Y a jalar la carreta…

Me refiero al conjunto escultórico que España donó a nuestro país y que fue colocada en la Plaza Miravalle. Cité el viernes pasado la noticia del DDF acerca de que cierran la plaza de marras para construir en las inmediaciones reductores de velocidad. La noticia me trajo a la mente el mensaje que dirigí a La Cibeles  cuando yo recién llegado a esta noble y vial. Dije entre mí a la diosa de la fertilidad campestre en la mitología de la antigua Grecia:

– Ruegue a Zeus, señora,  que usted no vaya a correr la suerte de que se la roben o terminen ofendiendo su honra. Que permanezca completa, no me la vayan a coger como objeto de rapiña y vaya a parar al jardín de alguna residencia de funcionario sexenal.

En fin, que a la hora de presumir nosotros también tenemos estatuas: ecuestres (algunas), pedestres (las más), erguidas (las menos), y culimpinadas (las de hoy), todas de héroes epónimos, falsos y verdaderos, dignísimos exponentes de la cultura de la derrota que forma la historia de mi país; las tenemos alineadas a lo largo de uno que nombramos Paseo de la Reforma, por el paseo que a la reforma le han dado sotanas y capas pluviales que manejan la vida pública y púbica del país. Tenemos multitud de estatuas de unos héroes que fueron pasto de la derrota y que cayeron de cara al sol una vez que clamaron al cielo y burilaron en la historia su célebre frase: “Va mi espada en prenda”, “Me quiebro, pero no me doblo”,  “Mi pasión por México”. Hermosas frases y hermosas estatuas, o casi,  porque a la que no le falta un brazo fáltale un ojo, una zanca o como a las de hoy: “lo mero prencipal”.  No heridas son  de campaña, señora, que serían heridas heroicas; descuido, incuria, desdén. Es México.

Y ya que hablamos de estatuas: una madre tenemos allá por Sullivan, pero qué clase de madre: de cantera vil, descalza, vestida de bailarina folklórica o de mesera del Sanborn’s; una madre así de flaquita, de chiquirritica, símbolo enhiesto de un estacionamiento que ya cerraron por incosteable. Y luego nos enchilamos porque nos gritan que qué poca estatua tenemos. Así nos insultan quienes nos conocen a fondo.

Es cuanto, señora diosa  Cibeles.
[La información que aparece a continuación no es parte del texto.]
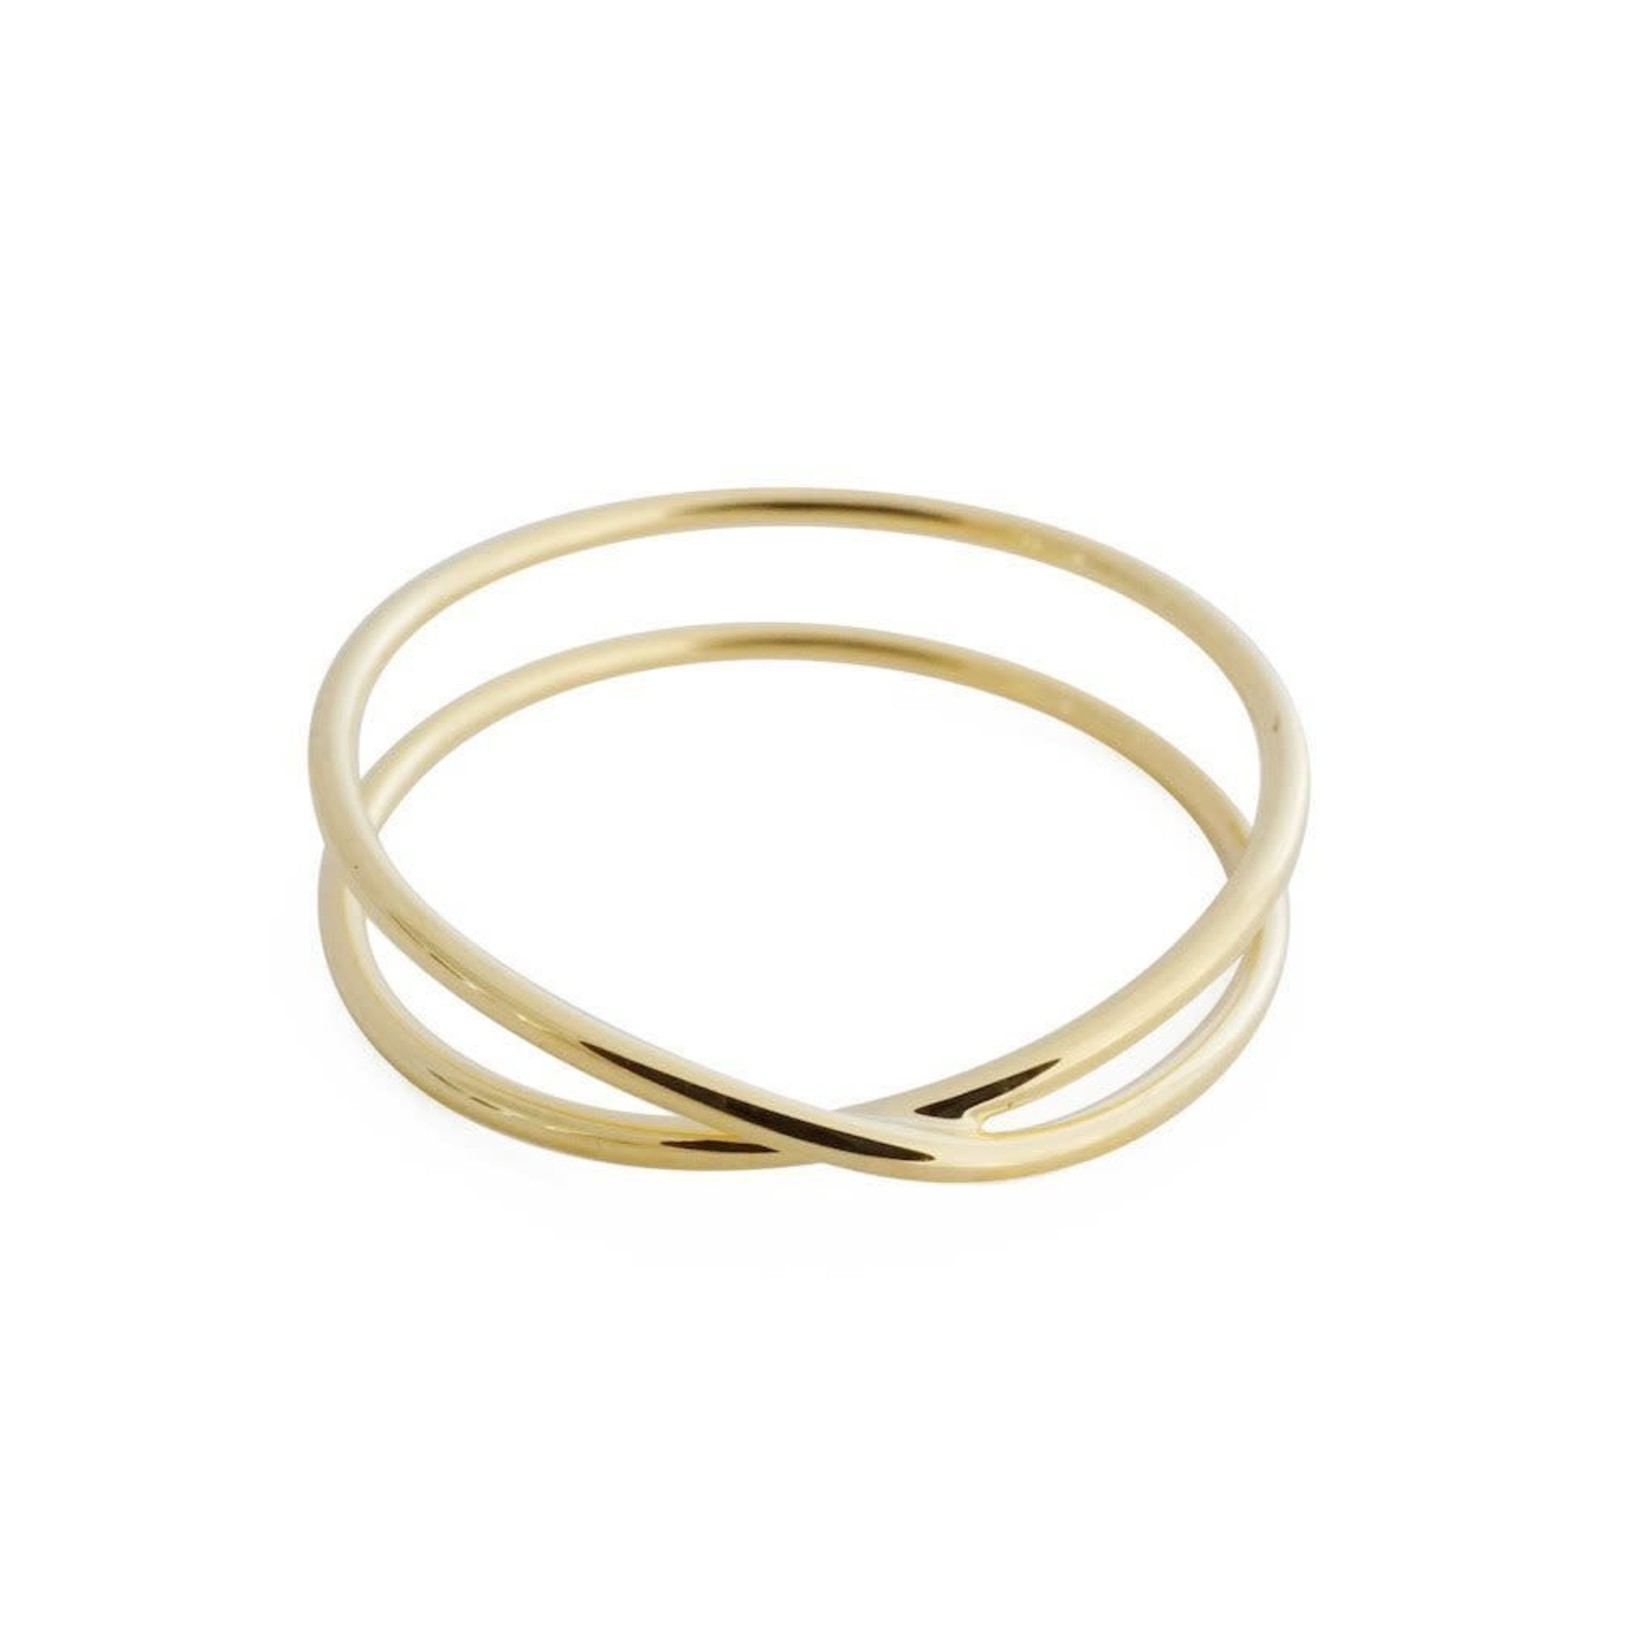 Honeycat Jewelry Honeycat Crossover X Ring Gold
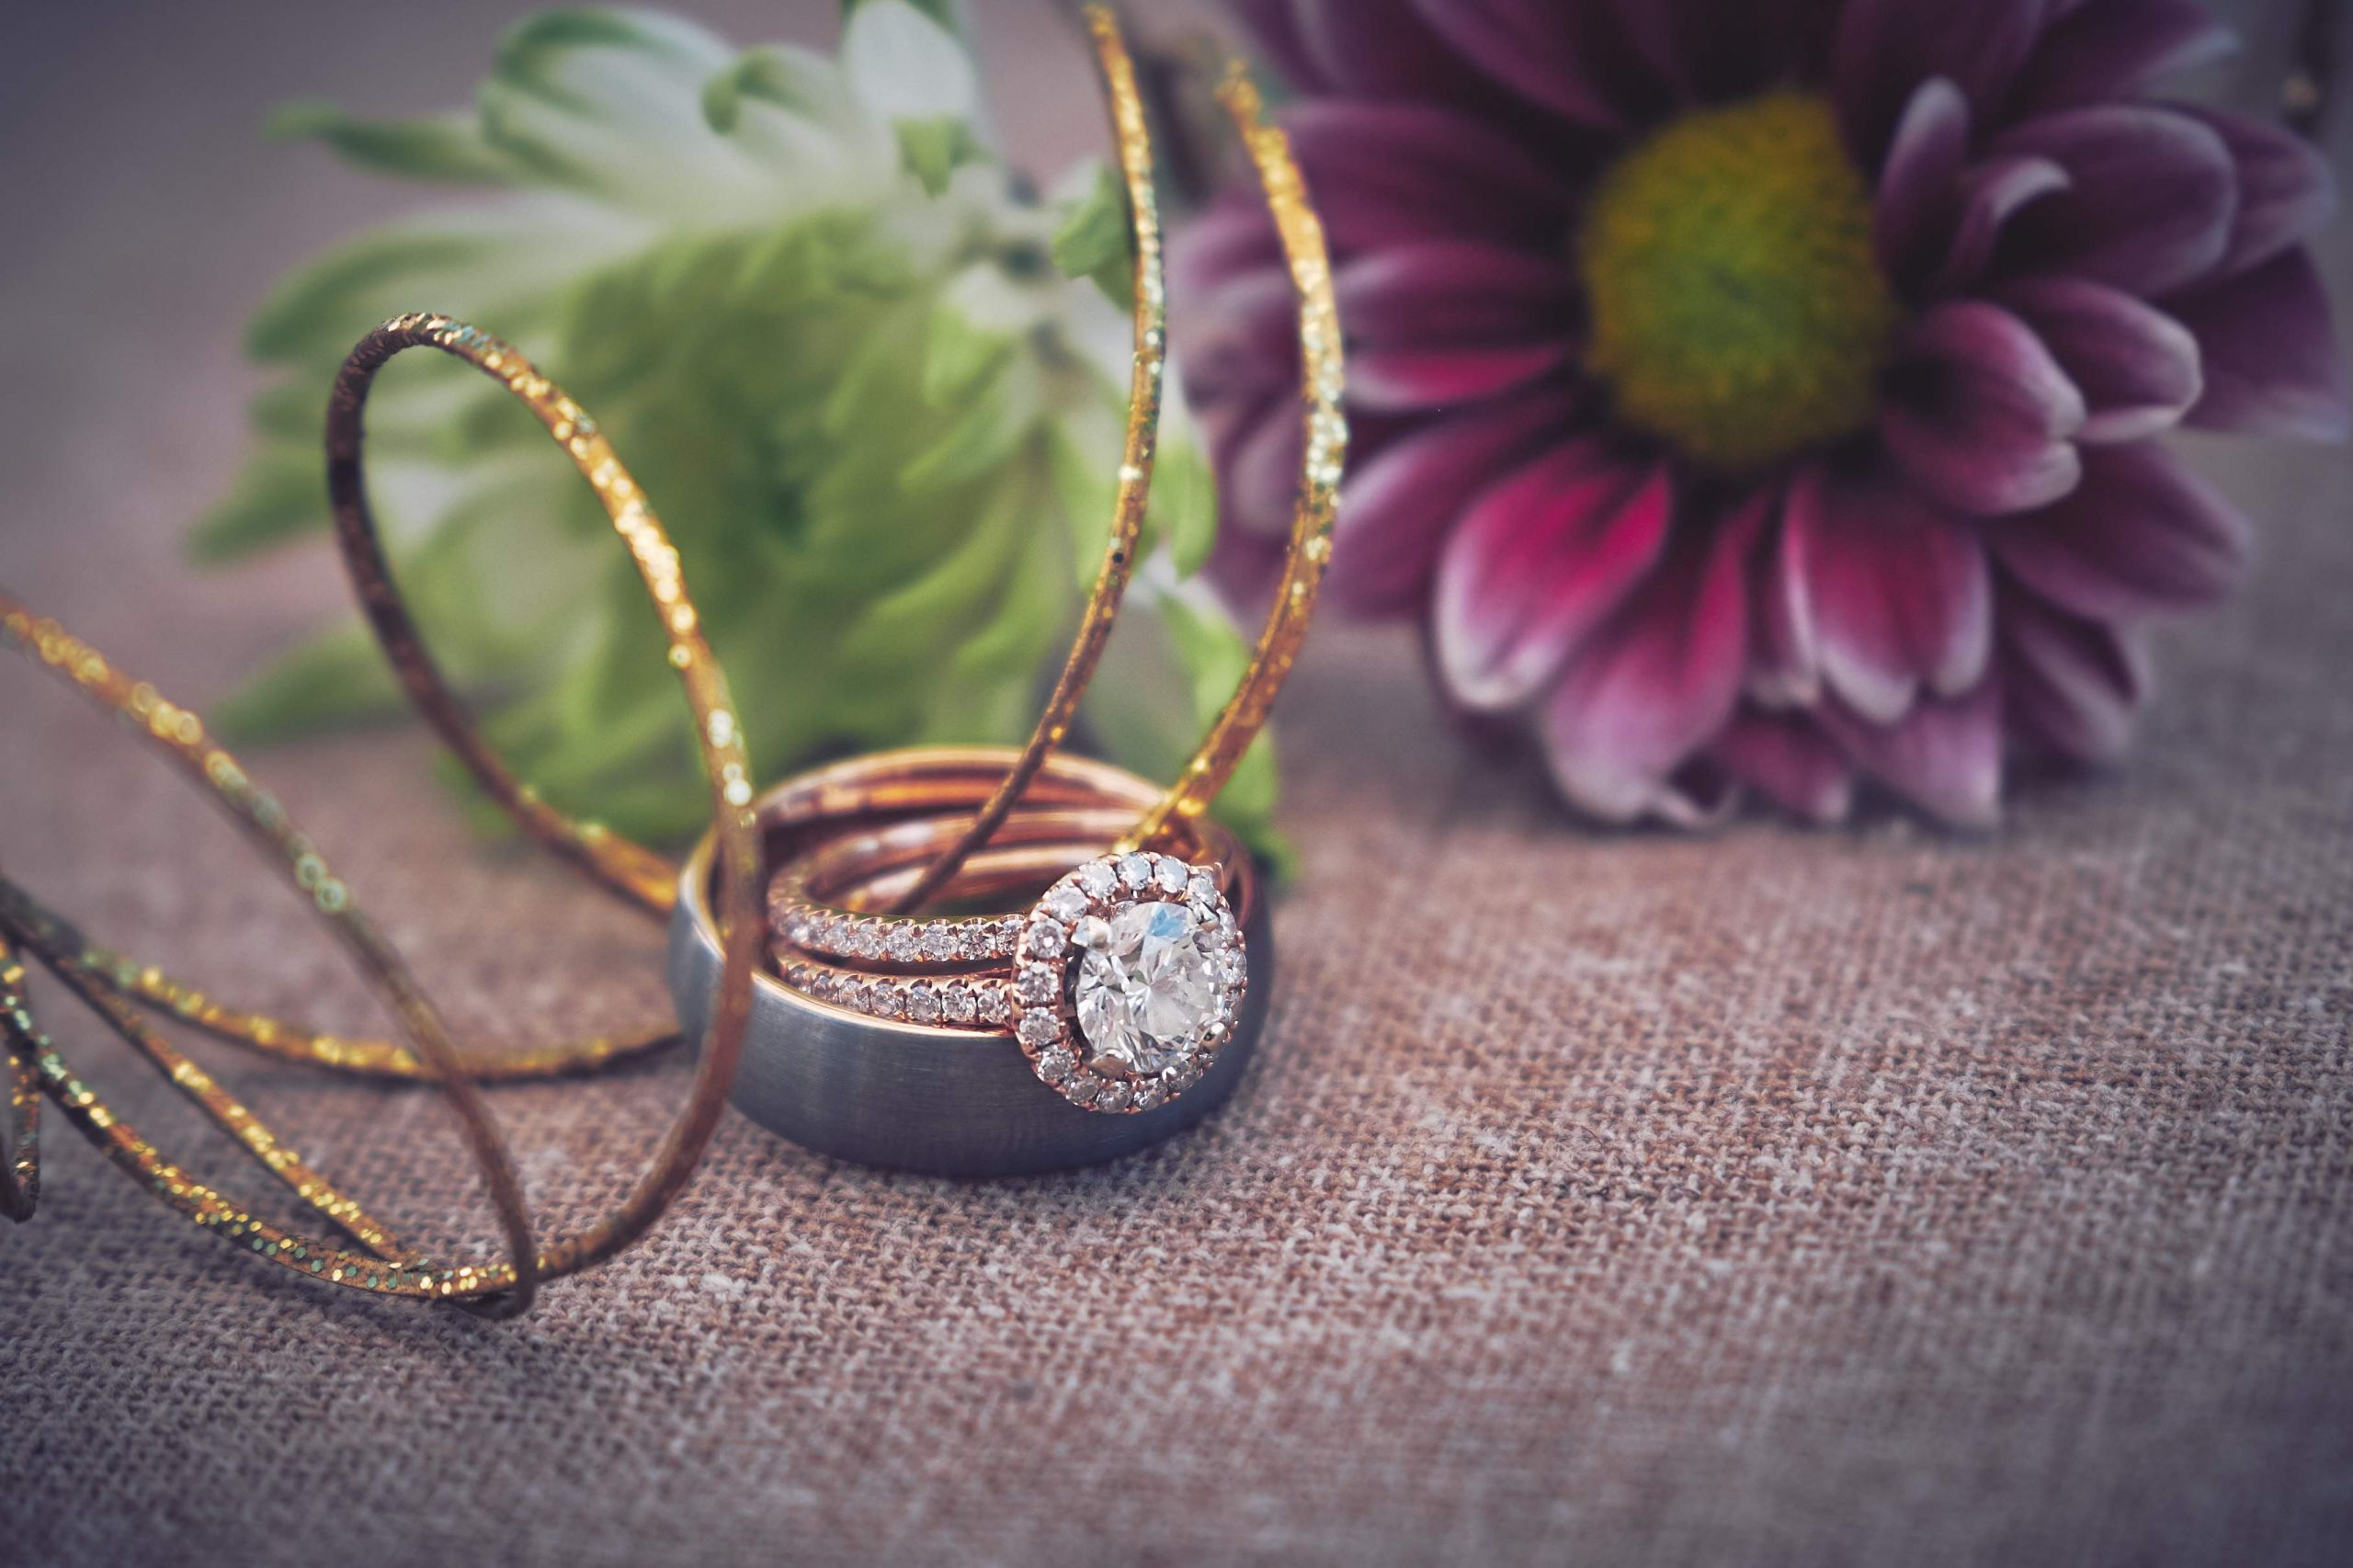 f fb8ef1edc3372a72ce9d A2U3ZjJmZWUzMjI5 wedding rings

Edificante resulta que haya llegado usted a nosotros por la vía del afecto español, ahora que más afectuoso les va resultando nuestro petróleo, pero ese ya es otro cantar, cante jondo.

Me reconforta su estatua de diosa,  no que hasta ahora pura estatua de pícaros y  Tartufos, de simuladores y demás gentualla que por malas artes se encaramó en el pedestal sexenal o en los altares  del culto católico. Pregunte por ahí sobre la   masacrada estatuaria de un Alemán que a su hora  tanto daño causó a la nación, y de un garañón de tamaños, la del primer espurio de la historia reciente del país y esos adefesios que manipuladores erigieron a la (mala) memoria de cierto correligionario corrupto él, cuyo único mérito fue recibir un balazo en la nuca. Y la estatua de Fox, la de los beatos cristeros…

Y al igual que los leones que jalan su carretón, los de las estatuas uncieron a la suya a unos leones a los que domesticaron porque  despreciamos la historia, nos negamos a crecer y asumir, y seguimos delegando en ellos una y otra vez. Y a seguir uncidos y jalándoles la carreta…

Es cuanto, diosa Cibeles. Esta es su casa.  Que le sean leves DDF y palomas. ¿Sismos, temblores? Juegos de niños junto a la acción de los Lics. Jerásimos. Cuidado, mucho cuidado con esos chuchos que alzan la pata y… ¡de nueva izquierda, imagínese!